A. I feel the membership is similar but the labels change. For example, we use queer as an umbrella term for those of varied sexual orientation, gender identity and relationship orientation, for other folks the definition may be a bit different. We’ve also always welcomed allies, partly as a safety net for those who may be closeted, and partly to build bridges in community.

I guess the biggest change is in the numbers of singers who feel more comfortable being in the choir. We have more straight singers who feel comfortable joining a queer choir, and more queer singers who feel more comfortable being out. For example, we’ve had more members directly labeling themselves as asexual, trans or non-binary.

Q. What purpose does it serve (or does it want to serve) both musically and in the community?

A. Actually, we just addressed this very topic with a mission statement review and confirmed that we want to “strive for excellence and celebrate diversity, in music and in community”.

We celebrate diversity through focussing on a variety of community groups, at least one a season in our concerts, and through performing a variety of music. Using music to explore differences also allows us to confront difficult topics. For example, we were pretty vocal around the fight for equal marriage at the time, and at our last concert we had Capital Rainbow Refuge speak, an organization supporting queer refugees.

Q. Please tell me a bit about yourself and why you are involved?

A. I’ve been involved in choirs and in music for most of my life, from singing in the Ottawa Regional Youth Choir to becoming the Director of Music at St Thomas the Apostle Anglican Church and founding my own choir, Harmonia.

I was invited to apply for the position of Tone Cluster’s Artistic Director back in the summer of 2011. Now, eight years later, we’ve travelled to several national and international choir festivals and hosted one, which has been quite a thrill.

Over my years with Tone Cluster their strong stance on inclusion really speaks to me. Their willingness to work hard makes for very satisfying performances.

Q. This is a special year. What has the ensemble been doing? 

A. It has been such a rewarding season. 

We always include some special events: this year we sang in the MosaiK choir festival and put on our main fundraising event, Show Tune ShowdownTM (where musical theatre teams compete singing show tunes), and of course our regular three concert season.

Our first concert, in November, was All. That. Jazz. a journey through different styles of jazz, from swing to Sun Ra and from a capella Manhattan Transfer to avant-garde, experimental jazz. We were thrilled to have Ottawa’s professional jazz group, Rakestar Arkestra as our guests.

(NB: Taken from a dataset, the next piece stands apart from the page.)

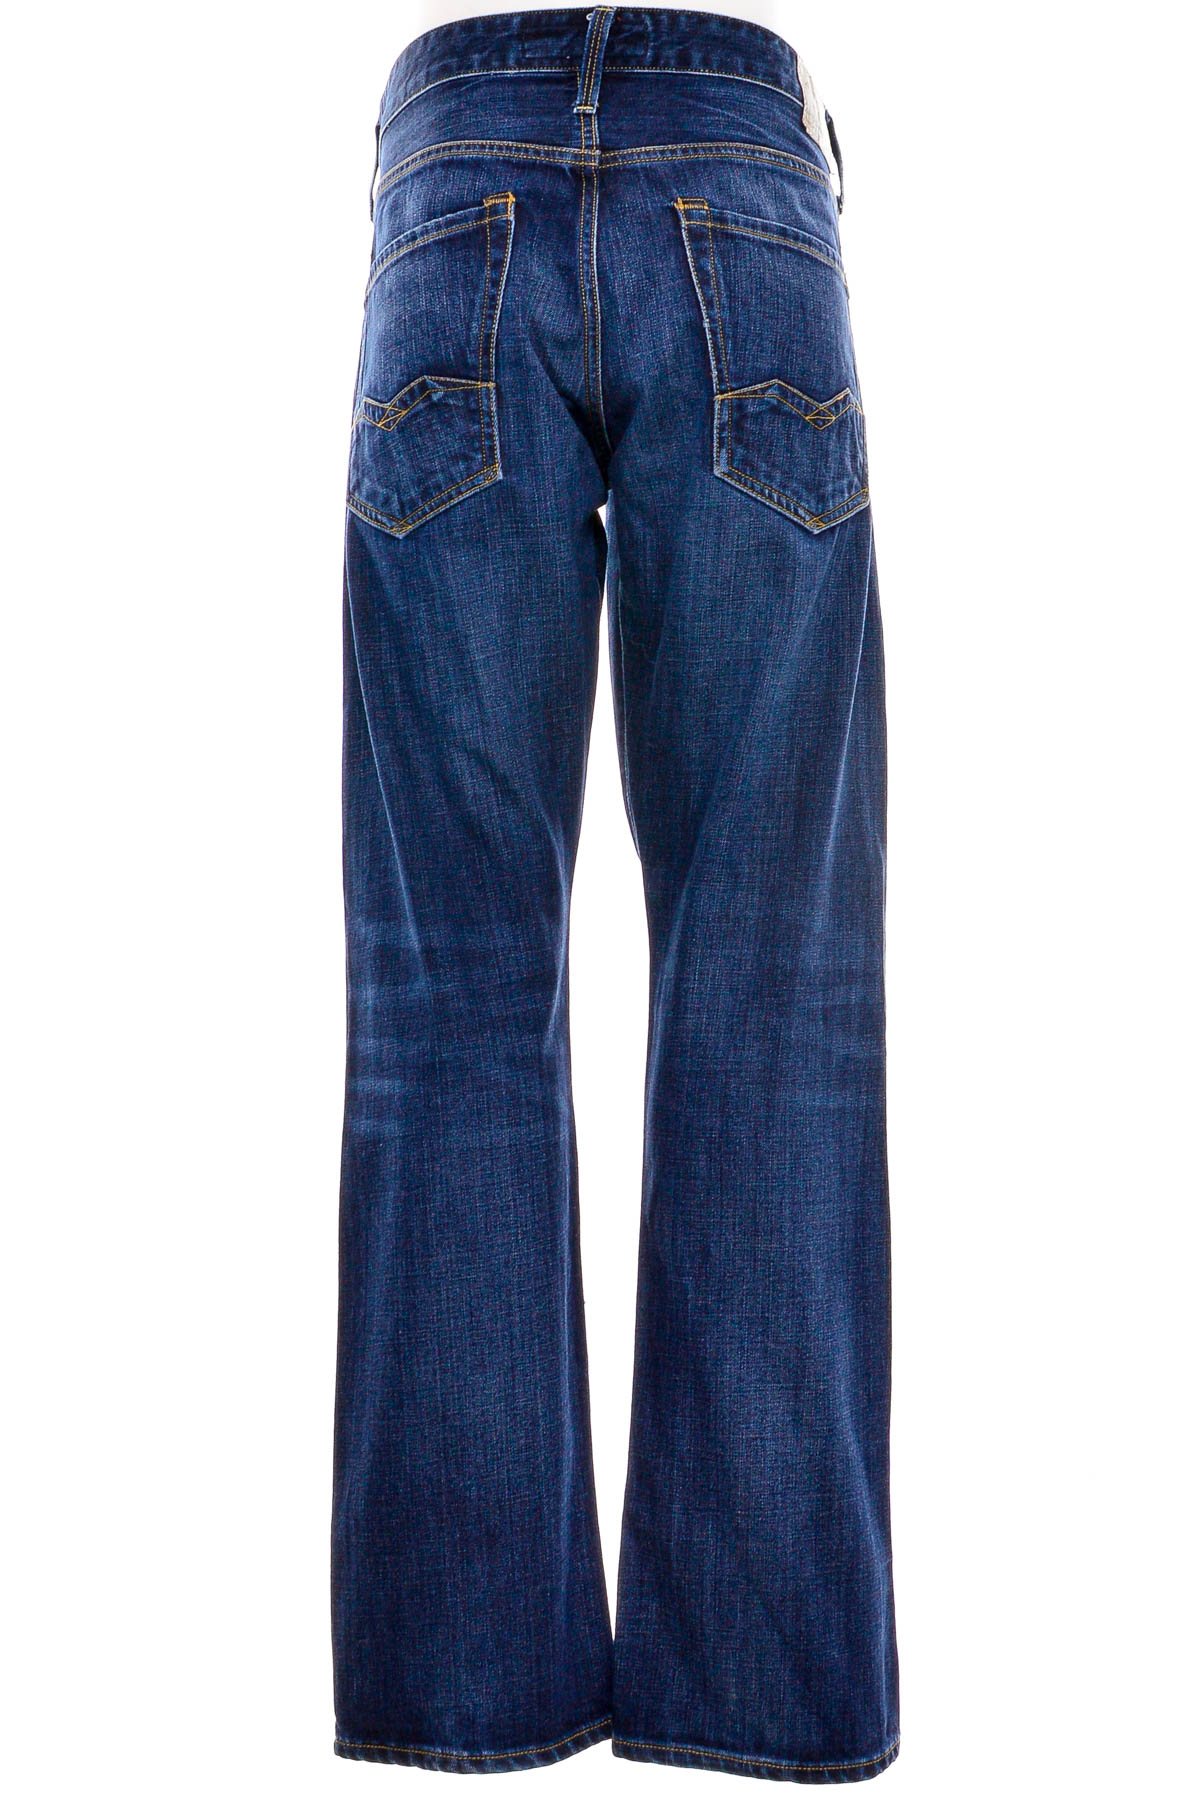 Men's jeans - REPLAY - 1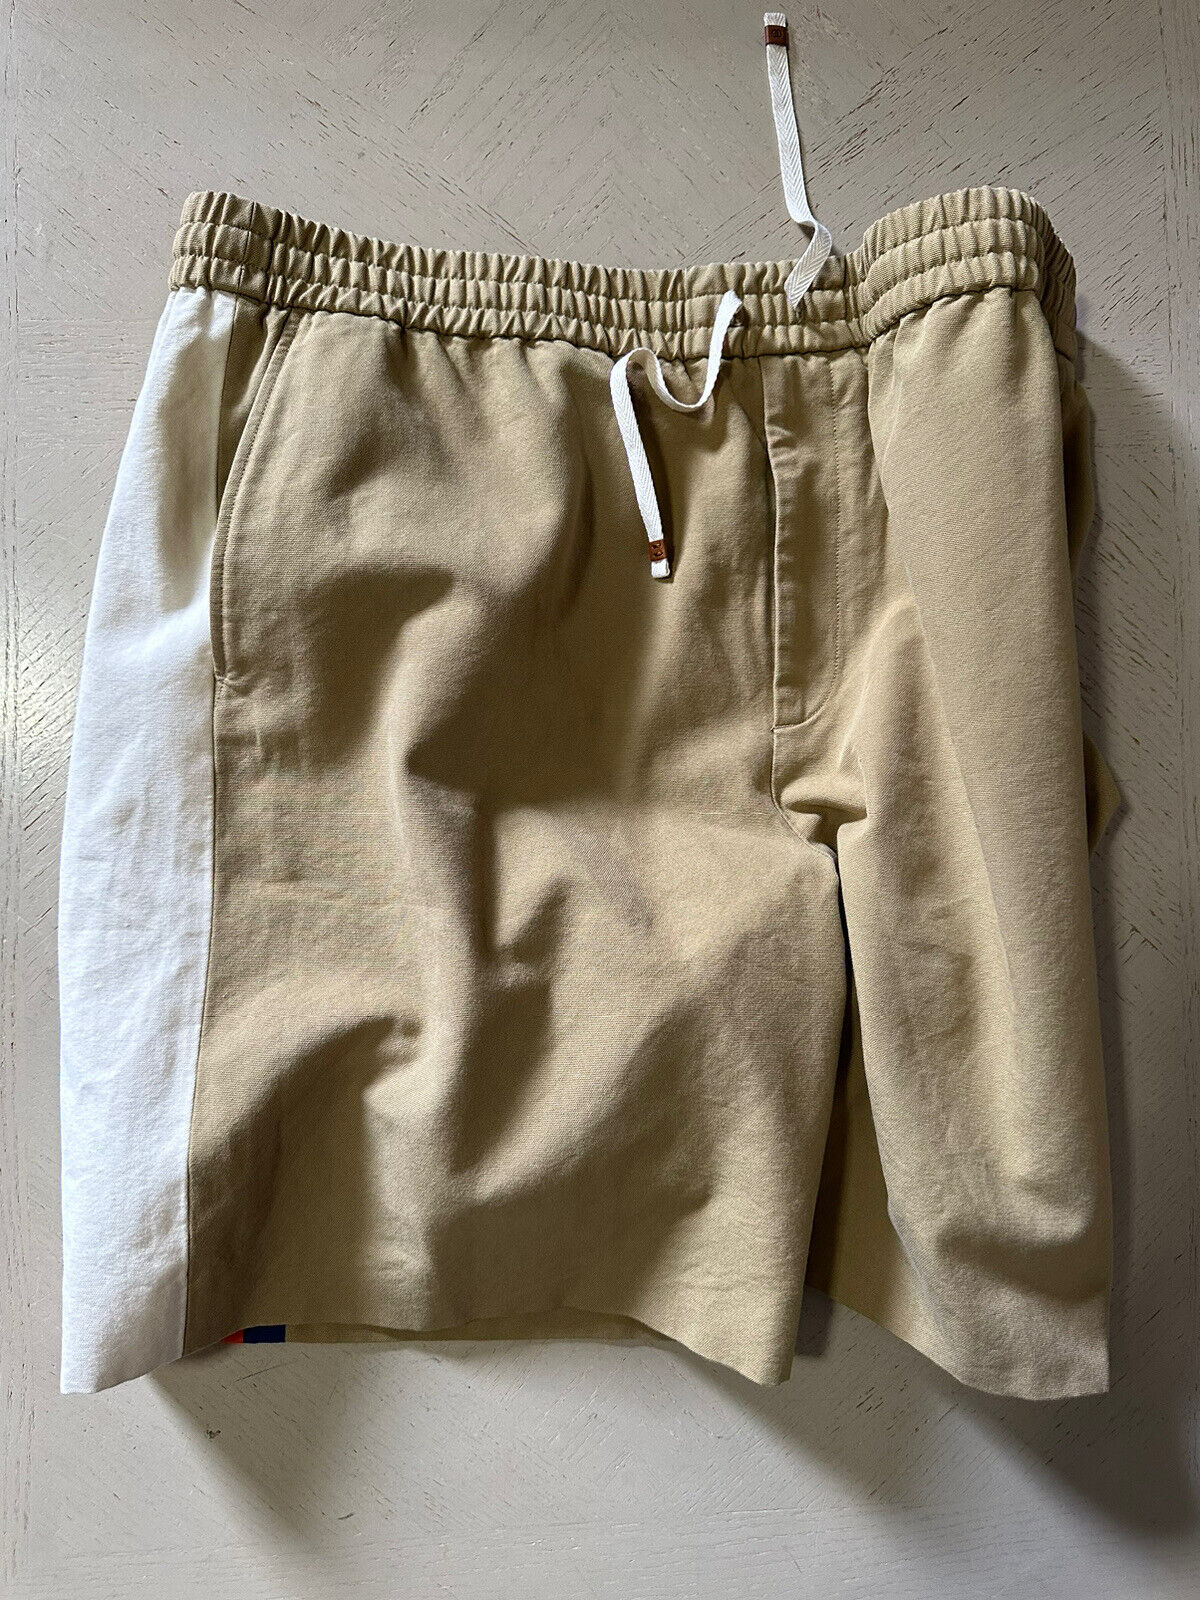 Neu mit Etikett: 1400 $ Gucci Herren-Shorts aus leichtem Baumwoll-Canvas, DK Beige/Mul. 40 US/56 Eu

Our 25th anniversary concert was in March, We Still Got Issues. It highlighted the challenges we face as a society from equal rights to climate change, with related music and multimedia presentation. Guest conductor, Jane Ramseyer Miller, the artistic director of GALA Choruses (an international association of LGBT choruses) was featured, as was Biindige’amaazo,  a local, indigenous drumming group. 

Finally, we come to our June 1 concert. It’s not just a concert but a whole project on anti-bullying that brings together community with special workshops, two school assemblies and the concert.  As well as hosting Harmonia Choir, Tone Cluster is pleased to include Director, Lee Carter, and his Nepean High School Choir. We even have a special guest, Canada’s, out, country star, Drake Jensen. Drake has been a staunch supporter of Ottawa’s queer community and of Tone Cluster.

Q. On June 1, Tone Cluster is presenting an important and emotional work, Tyler’s Suite. Tell me about it. 

A. A few years ago, I was invited to the Lincoln Center to perform in a mass concert with members of Tone Cluster and Harmonia. The second half of that concert was a nine movement piece Tyler’s Suite under the Direction of Dr. Timothy Seelig. 

The message of inclusion and anti-bullying, as well as the quality of the music really spoke to me and I knew I had to bring this beautiful experience home to Ottawa. Tone Cluster’s board has been warmly supportive, both financially and through their volunteer time. Our producer, Gianluca Ragazzini was also instrumental in securing a grant from the U.S. Embassy to help make this premiere project a reality.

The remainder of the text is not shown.